The gravel shifts under your shoes with a sound like slow breath, and you let your hand trail along the top of the south wall as you walk. The stone is warm still, warmer than the air, holding the afternoon inside it. Brick and gritstone, patched here and there with lime mortar gone soft at the edges, rough under your fingers where lichen has taken hold in pale rosettes. A blackbird, hidden somewhere in the espaliered pear, makes one clean call, then another, measuring something out. The light has gone from gold to something thinner. Above the wall the sky is the colour of the inside of a shell. You walk slowly. There is nowhere to be but here, on this path, between these beds, while the garden lets the day down quietly into its roots.
The path curves to the left, past a low box hedge clipped unevenly, the way hedges look when the same pair of hands has shaped them for years without a string line. The scent of box rises, faintly bitter, faintly green. Beyond it, a bed of lavender leans into the path, and your knee brushes through the stalks. The oil comes up at once — that dry high smell, camphor and honey together — and stays on the cloth of your trousers as you pass. Bees have gone from the flowers now. The heads stand up grey-purple, gone to seed at the tips, the stems woody and silvered at the base. An old stone edging runs along the bed, each stone set upright and half-sunk, and the moss between them has darkened with the dew coming.
Further along, the gravel gives way to a stretch of brick laid in a herringbone, the bricks sunk unevenly, some tilted by the frost of old winters, some worn smooth at the centre by the line people take through them. You feel the change through the soles of your feet, the firmer bed of the brick, its small warmth. A little further, a stone bench set back into a niche in the wall, the seat hollowed by use, the back of it marked with the slow fret of weather. The wall behind the bench is cloaked in an old climbing rose, the leaves already beginning to spot and yellow, a few late hips coming red along the canes. One hip has fallen onto the bench. You do not pick it up. You simply walk on, hearing your feet find the gravel again on the far side.

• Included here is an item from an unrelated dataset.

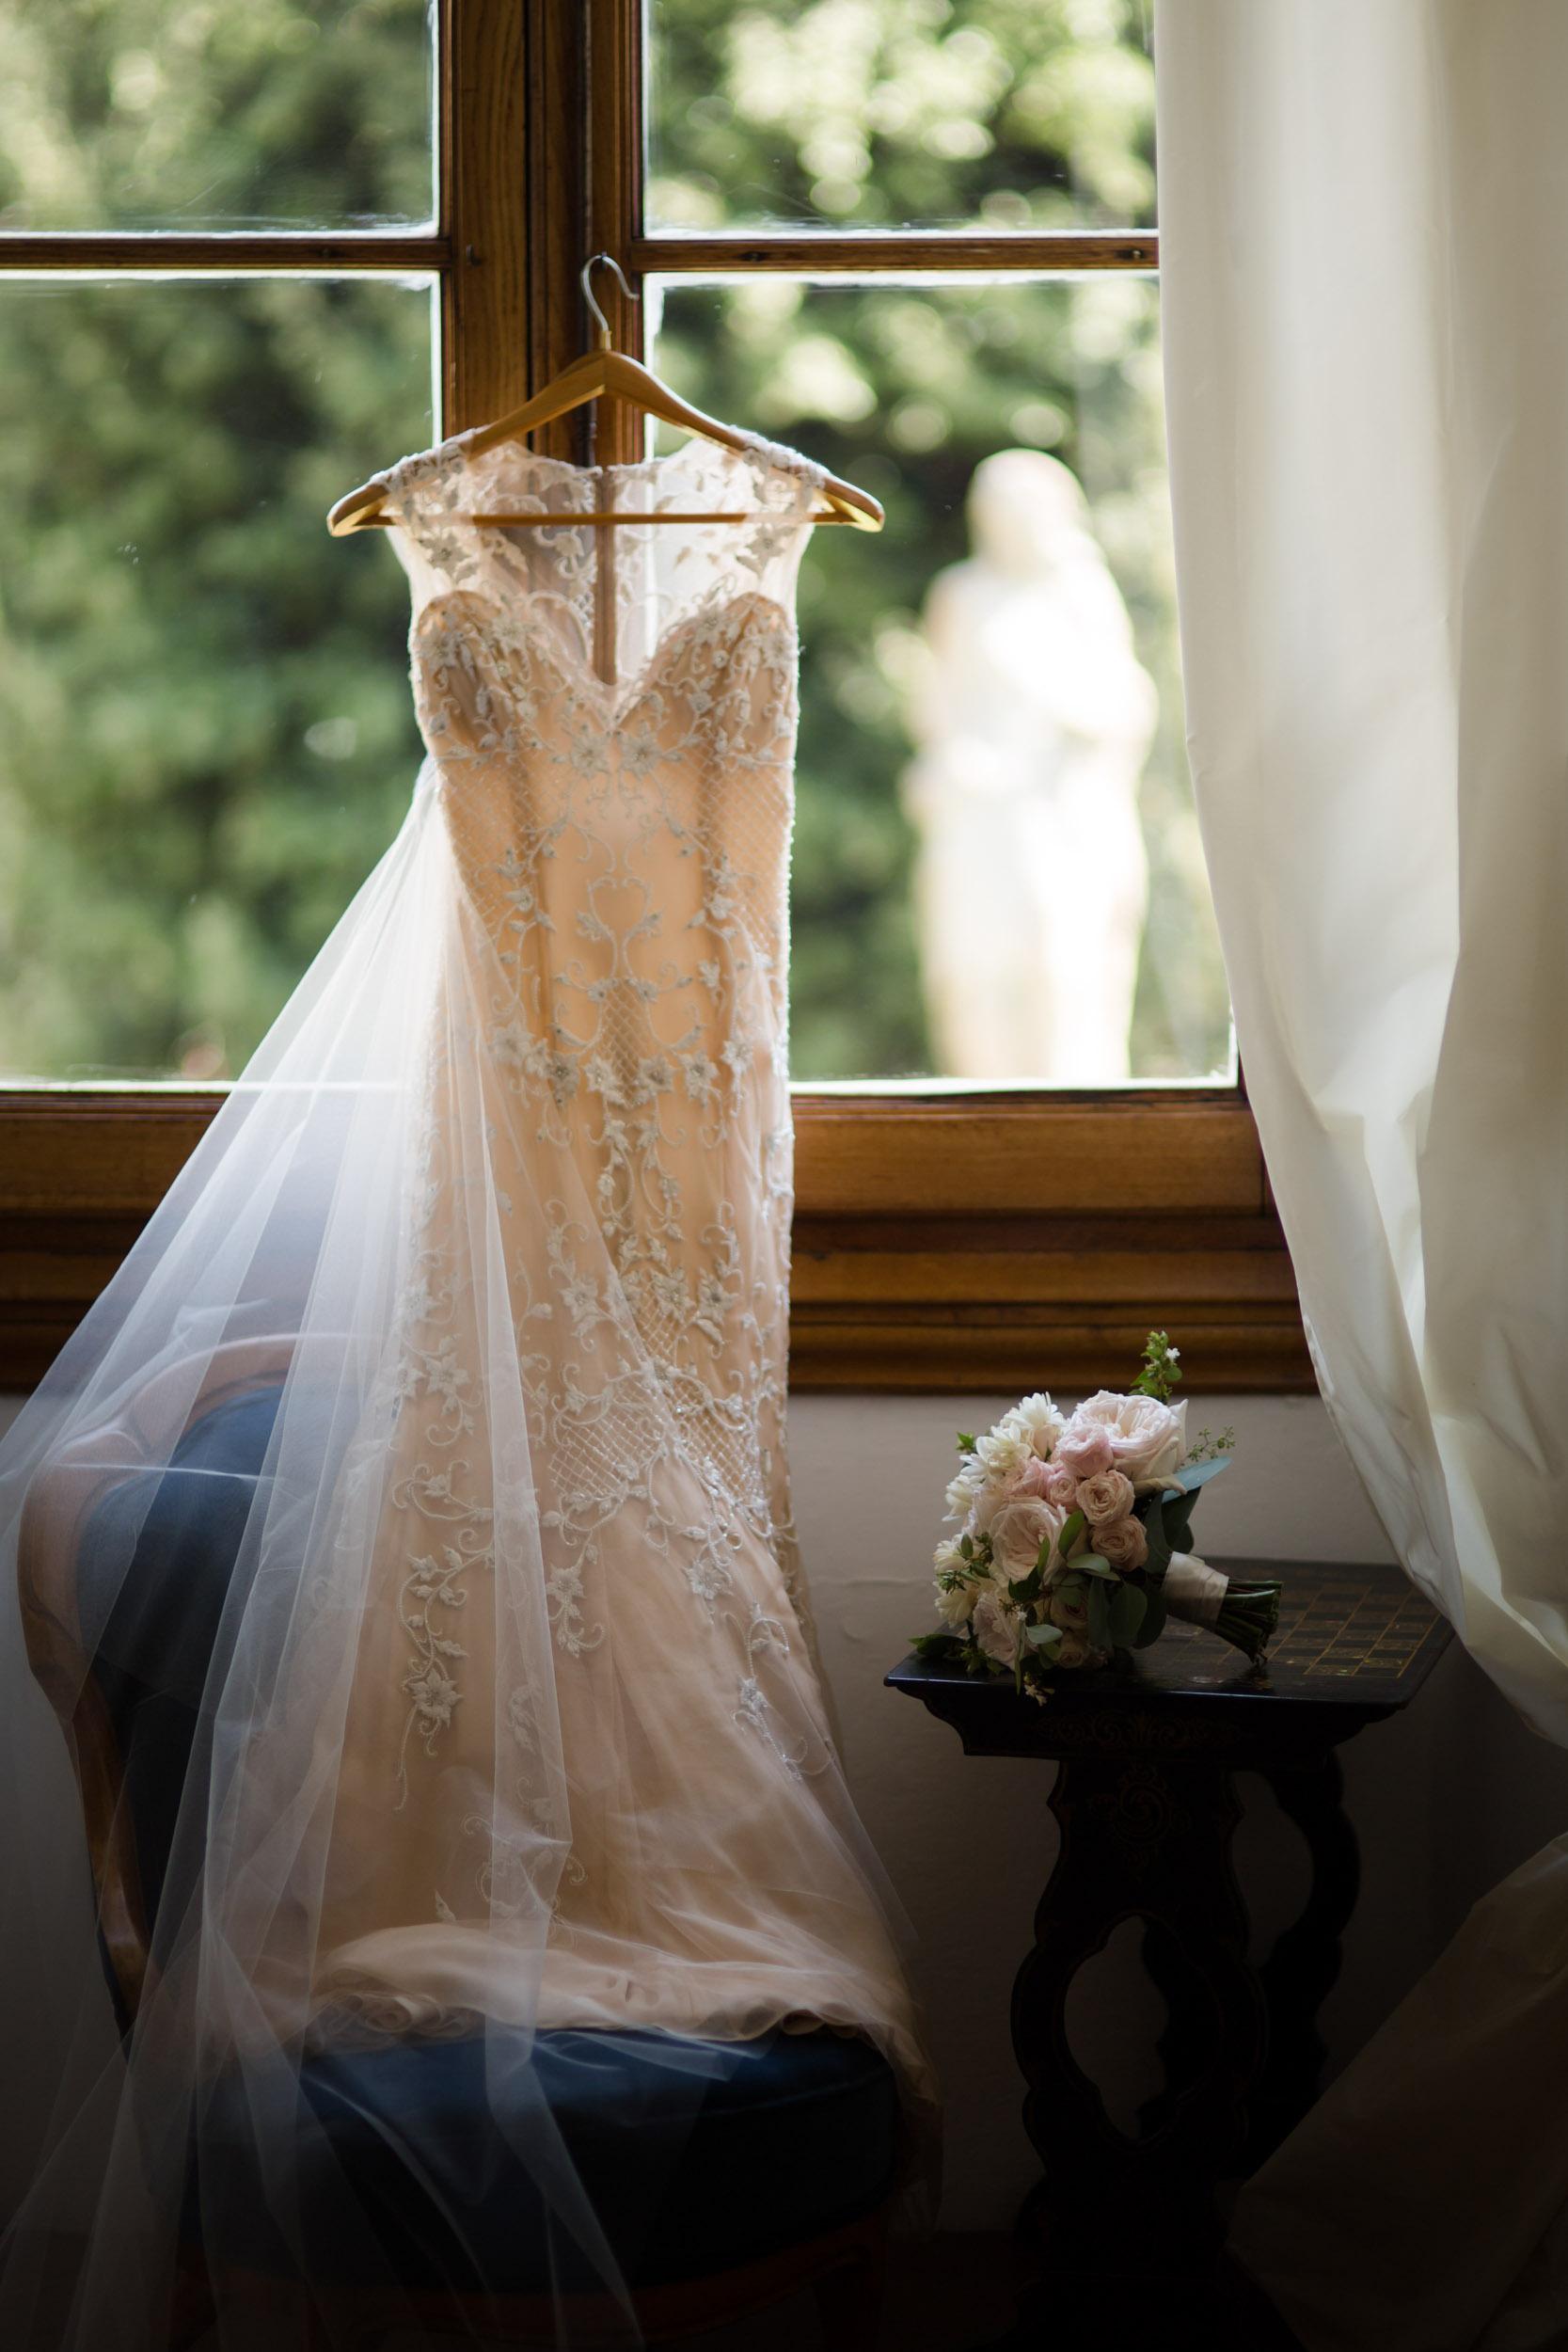 villa-gamberaia-florence-italy-destination-wedding-4.jpg

The blackbird has gone quiet. In his place, from the top of the wall, a robin starts a thin looping song, the notes falling and looping back, falling and looping back. Somewhere further off, beyond the garden, a wood pigeon works through its slow five-note phrase and stops midway, as it always does in the evening, as if forgetting the rest. Water is moving somewhere too, very quietly — a small stone trough in the centre of the garden, fed by a lead pipe from the wall, the water lipping over the edge into a channel you cannot see. The sound is steady and small, a hair's weight of sound. A moth passes your face, its wings making the softest dry whisper, and is gone into the honeysuckle on the east wall. The honeysuckle is putting out its night scent now, cool and sweet, reaching further than it did an hour ago.
You let your hand rest for a moment on the top of the wall as you pass the old door. The door is oak, silvered to grey, the iron strap-hinges eaten back to a dark bloom of rust, the wood grain raised where the soft rings have weathered down around the harder ones. There is a latch but no key. The timber is cool on one side and warm on the other, and the warm side is the garden side, facing south still even in the failing light. Above the door, a lintel of the same gritstone as the wall, and cut into it, so worn you feel it before you see it, a shape that might be a date or might be a mason's mark, softened almost to nothing by two hundred summers. You take your hand away. The stone keeps the shape of your palm's warmth for a breath and then gives it back to the evening.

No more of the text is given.